Checkpointing and Fault Tolerance in verl Training

Reinforcement learning fine-tuning runs are long-lived workloads that can span hours or days across large GPU clusters. Hardware failures, preemptions, and transient errors are common realities at scale. verl’s checkpoint system lets you save the full training state — model weights, optimizer state, LR scheduler, and RNG states — and resume seamlessly from any saved step, minimizing wasted compute.

What Gets Saved

Checkpoint contents are controlled by the checkpoint.save_contents field on each model role (actor, critic, reference). The field accepts any subset of four values:

Value	Description
`model`	Framework-native sharded model weights. For FSDP: per-rank shards. For Megatron: HF format via mbridge, or Megatron dist checkpoint when `use_dist_checkpointing=True`.
`optimizer`	Sharded optimizer state (Adam moments, etc.).
`extra`	LR scheduler state, RNG states, and (for Megatron) the serialized `TransformerConfig`.
`hf_model`	Full HuggingFace format weights consolidated on rank 0. Suitable for inference without any conversion step.

For FSDP, the model, optimizer, and extra contents are bound together — they are always saved and loaded as a unit. Always include all three to maintain a consistent and resumable checkpoint. Omitting optimizer means you cannot resume training (only the weights are useful for inference).

Configuration

Save Frequency

trainer:
  save_freq: 100             # save every 100 training iterations
  default_local_dir: checkpoints/${trainer.project_name}/${trainer.experiment_name}
  default_hdfs_dir: null     # optional: hdfs://path/for/remote/storage

actor_rollout_ref:
  actor:
    checkpoint:
      save_contents: ['model', 'optimizer', 'extra']
      load_contents: ['model', 'optimizer', 'extra']

critic:
  checkpoint:
    save_contents: ['model', 'optimizer', 'extra']
    load_contents: ['model', 'optimizer', 'extra']

trainer.save_freq

int

default:"-1"

How often (in training iterations) to write a checkpoint. -1 disables periodic checkpointing; a final checkpoint is written at the end of training only.

trainer.default_local_dir

string

Root directory for checkpoint storage on local (or NFS-mounted) filesystems.

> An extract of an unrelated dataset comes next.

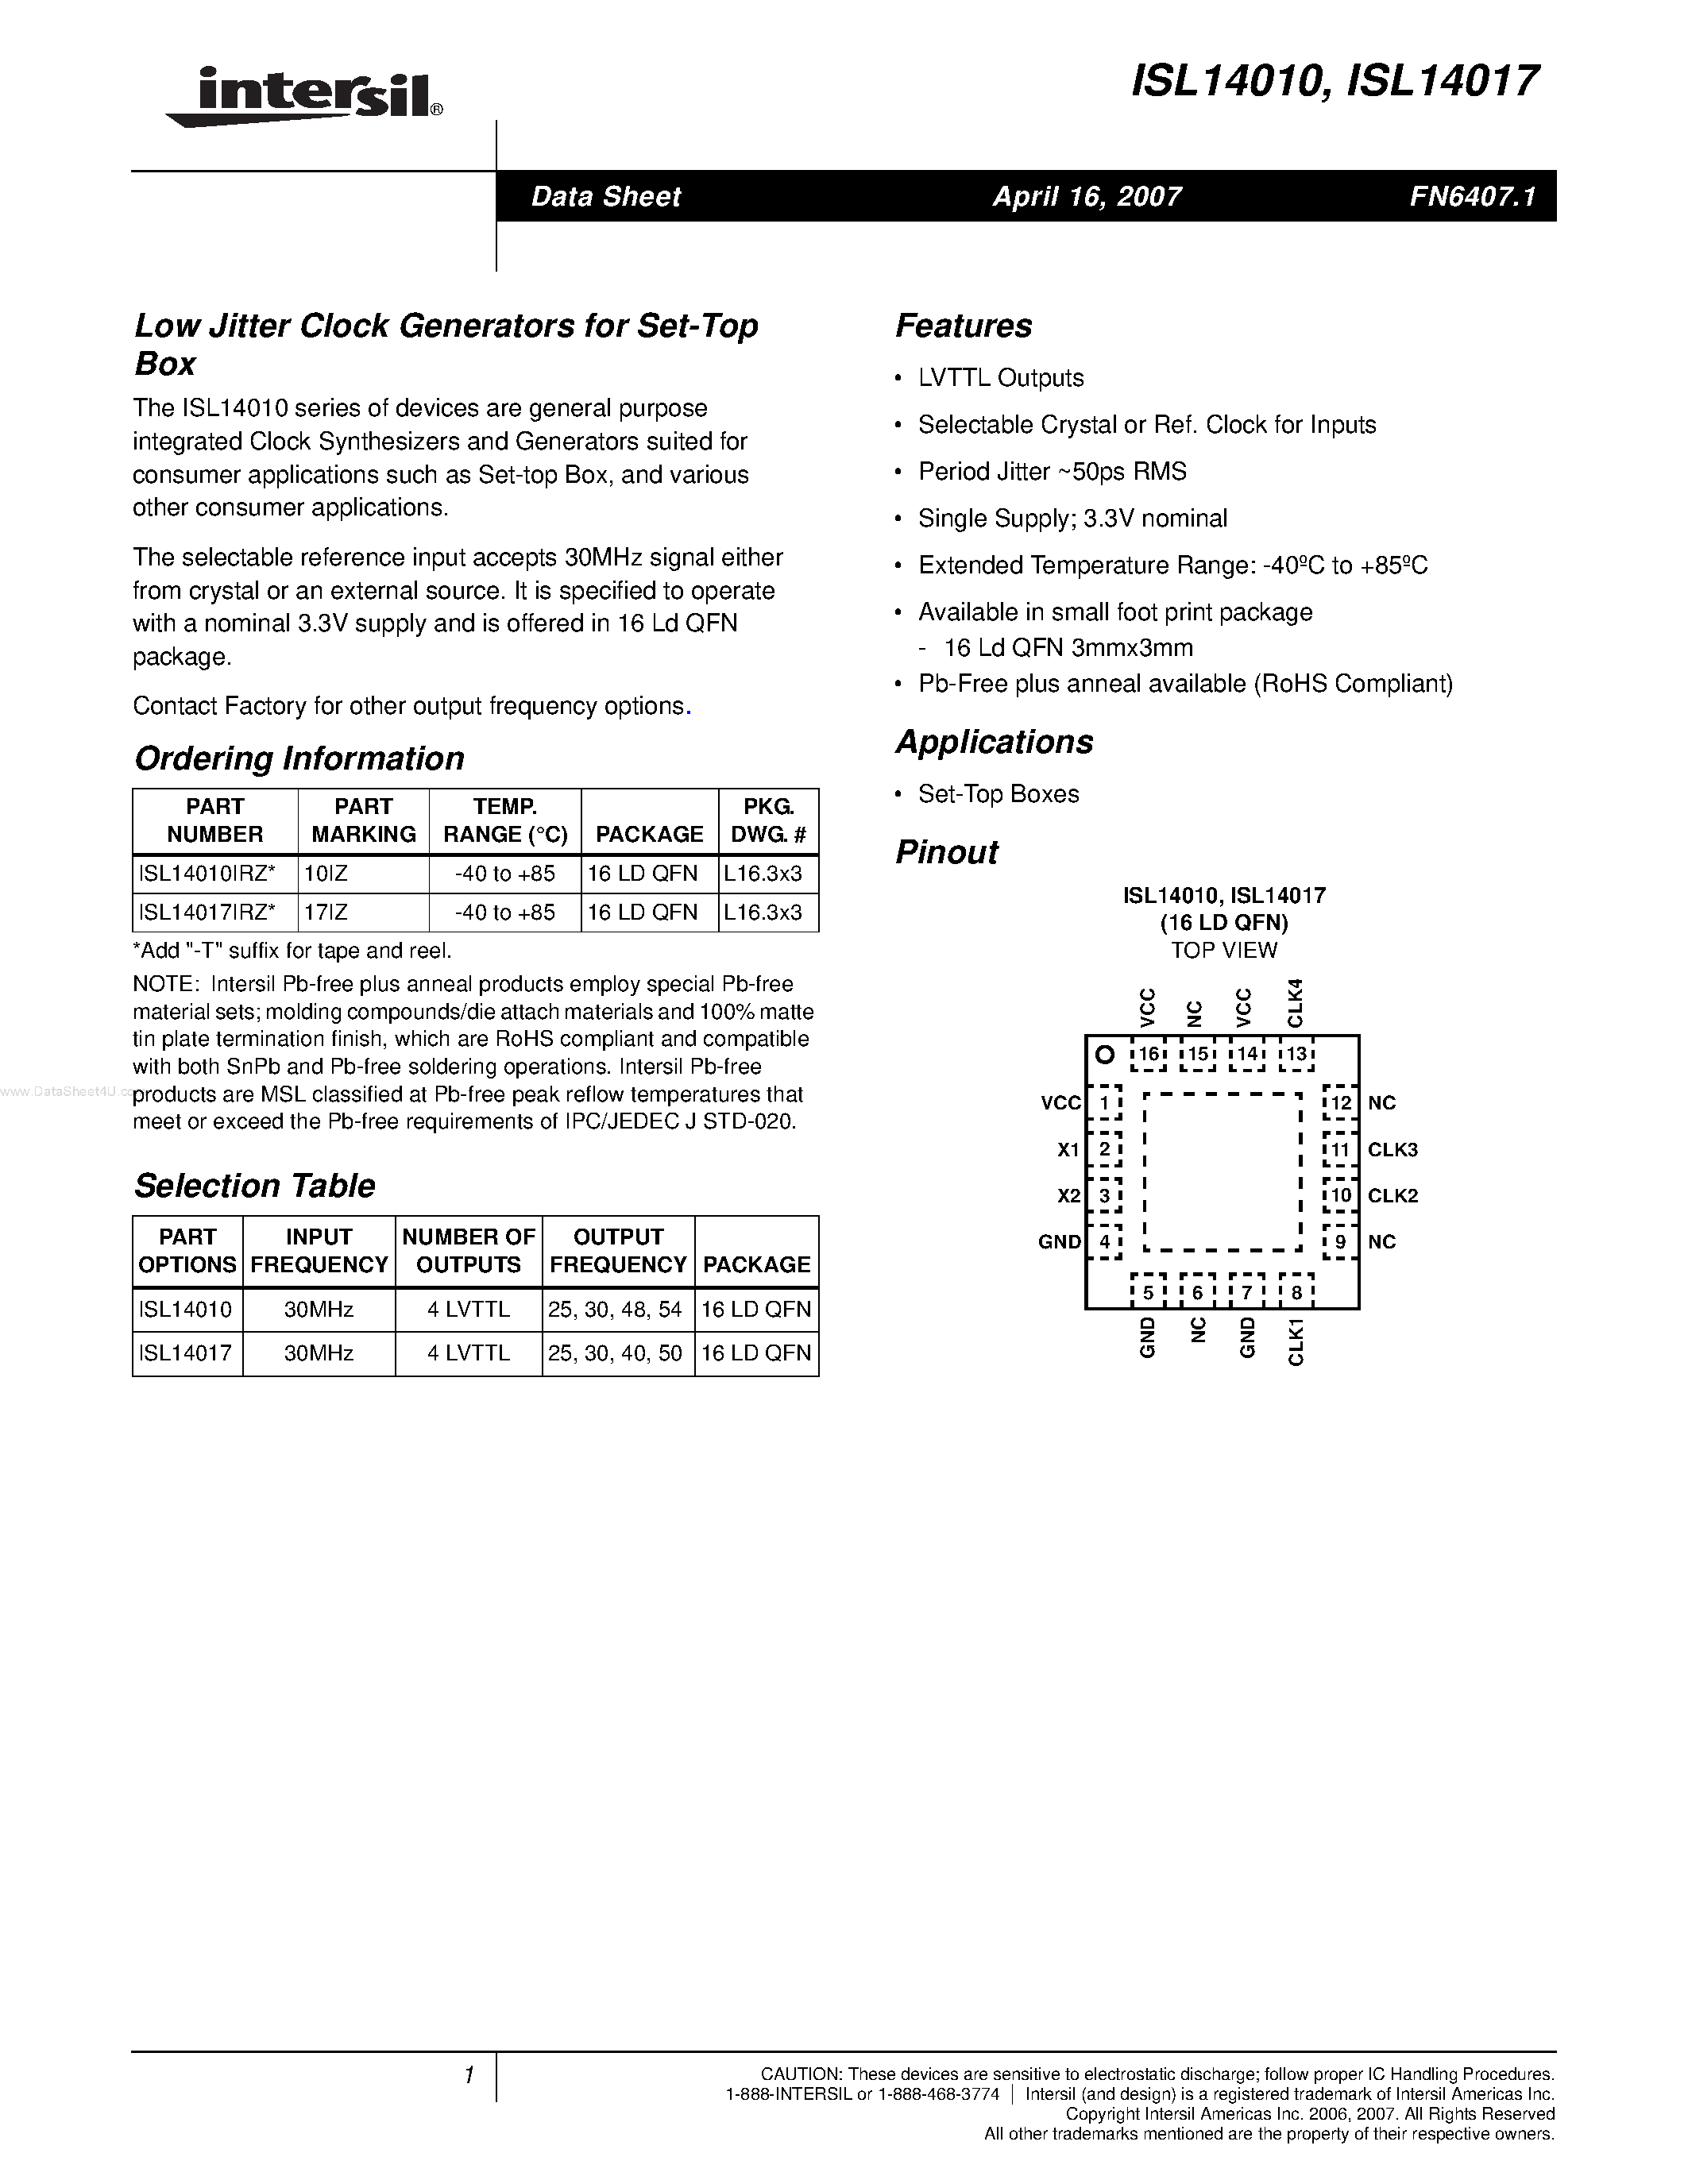 Даташит ISL14010 - (ISL14010 / ISL14017) Low Jitter Clock Generators страница 1

Defaults to checkpoints/{project_name}/{experiment_name}.

trainer.default_hdfs_dir

string

Optional HDFS path for remote checkpoint storage. When set, checkpoints are also uploaded to HDFS after each local save.

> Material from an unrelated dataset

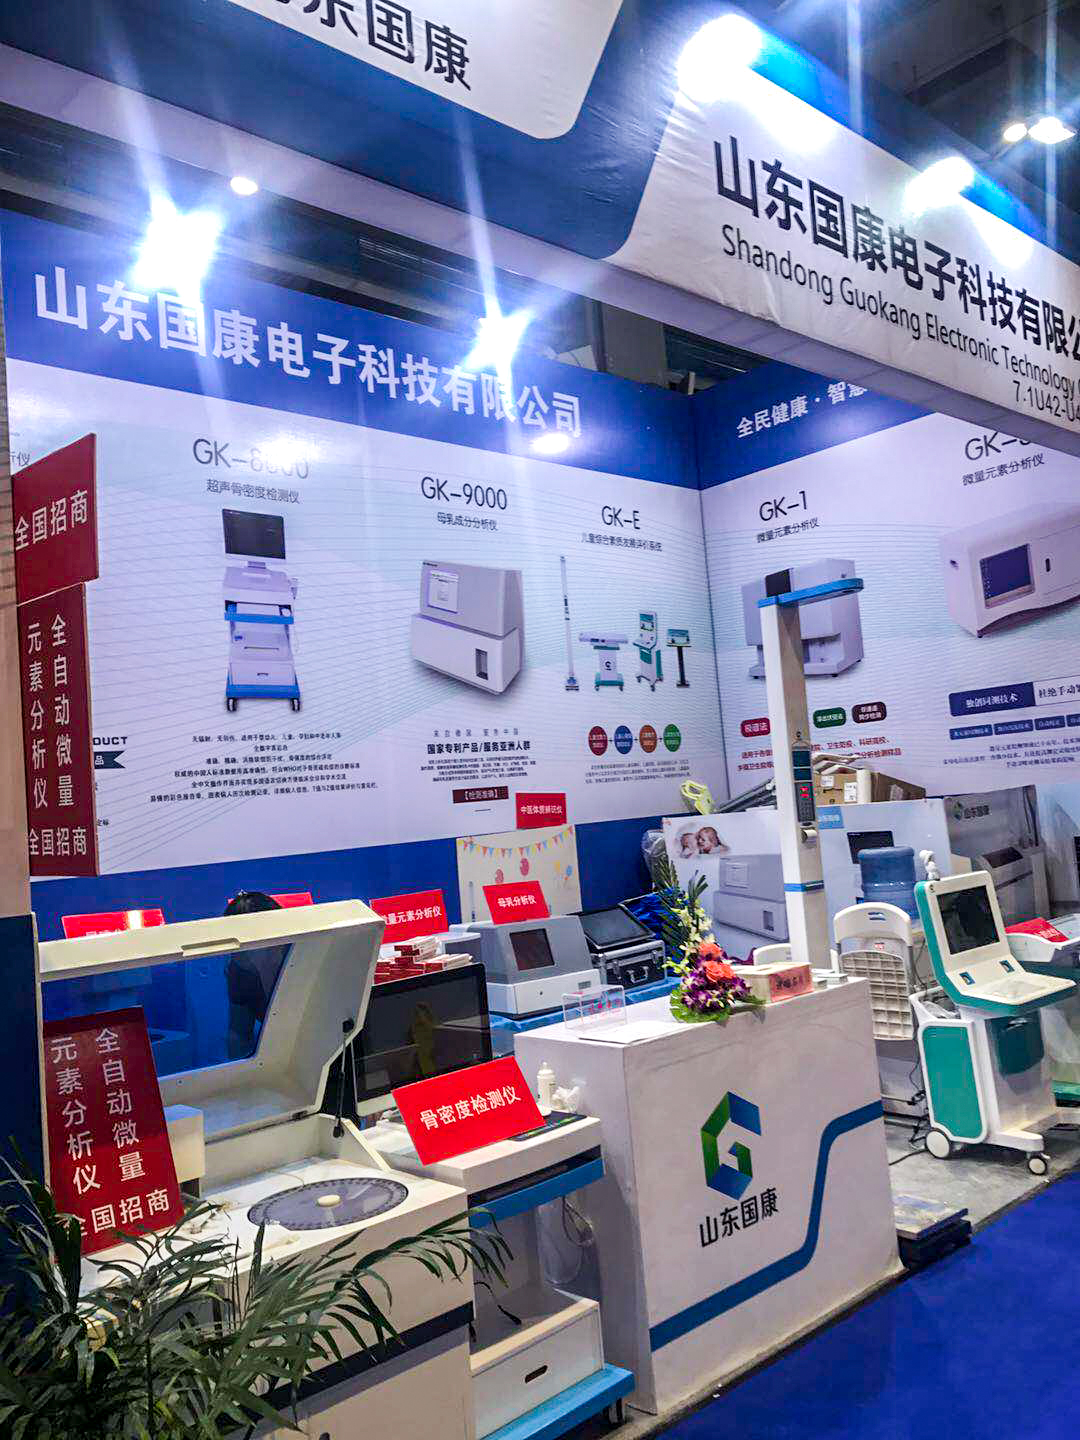 微量元素分析仪厂家山东国康参加28届中国国际医疗器械设计与制造技术博览会

trainer.max_actor_ckpt_to_keep

int

Maximum number of actor checkpoint steps to retain. Older ones are deleted automatically. null keeps all.

Resuming from a Checkpoint

trainer:
  resume_mode: auto          # auto | disable | resume_path
  resume_from_path: null     # set this when resume_mode: resume_path

actor_rollout_ref:
  actor:
    checkpoint:
      load_contents: ['model', 'optimizer', 'extra']

trainer.resume_mode

string

default:"auto"

Resume behavior:

auto — automatically resume from the latest checkpoint in default_local_dir if one exists; start fresh if not
disable — always start from scratch, ignoring any existing checkpoints
resume_path — resume from the explicit path in resume_from_path

trainer.resume_from_path

string

Explicit path to resume from when resume_mode=resume_path. Point to a specific global_steps_N directory.

To resume only model weights (e.g., after changing optimizer hyperparameters), override load_contents:

python -m verl.trainer.main_ppo \
    trainer.resume_mode=resume_path \
    trainer.resume_from_path=checkpoints/my_project/my_run/global_steps_500 \
    "actor_rollout_ref.actor.checkpoint.load_contents=['model']"

FSDP Checkpoint Structure

For FSDP-based training, checkpoints are sharded per rank and laid out as follows:

checkpoints/{project_name}/{experiment_name}/
├── global_steps_100/
│   ├── actor/
│   │   ├── huggingface/          # config.json, tokenizer files; full HF weights if hf_model is saved
│   │   ├── fsdp_config.json      # world_size and FSDP version metadata
│   │   ├── model_world_size_8_rank_0.pt
│   │   ├── model_world_size_8_rank_1.pt
│   │   ├── ...
│   │   ├── optim_world_size_8_rank_0.pt
│   │   ├── ...
│   │   └── extra_state_world_size_8_rank_0.pt
│   └── critic/
│       ├── huggingface/
│       ├── fsdp_config.json
│       ├── model_world_size_8_rank_0.pt
│       └── ...
└── latest_checkpointed_iteration.txt

All model shards, optimizer states, and extra states are stored in a distributed, sharded format. The latest_checkpointed_iteration.txt file records the most recently saved step and is used by resume_mode=auto.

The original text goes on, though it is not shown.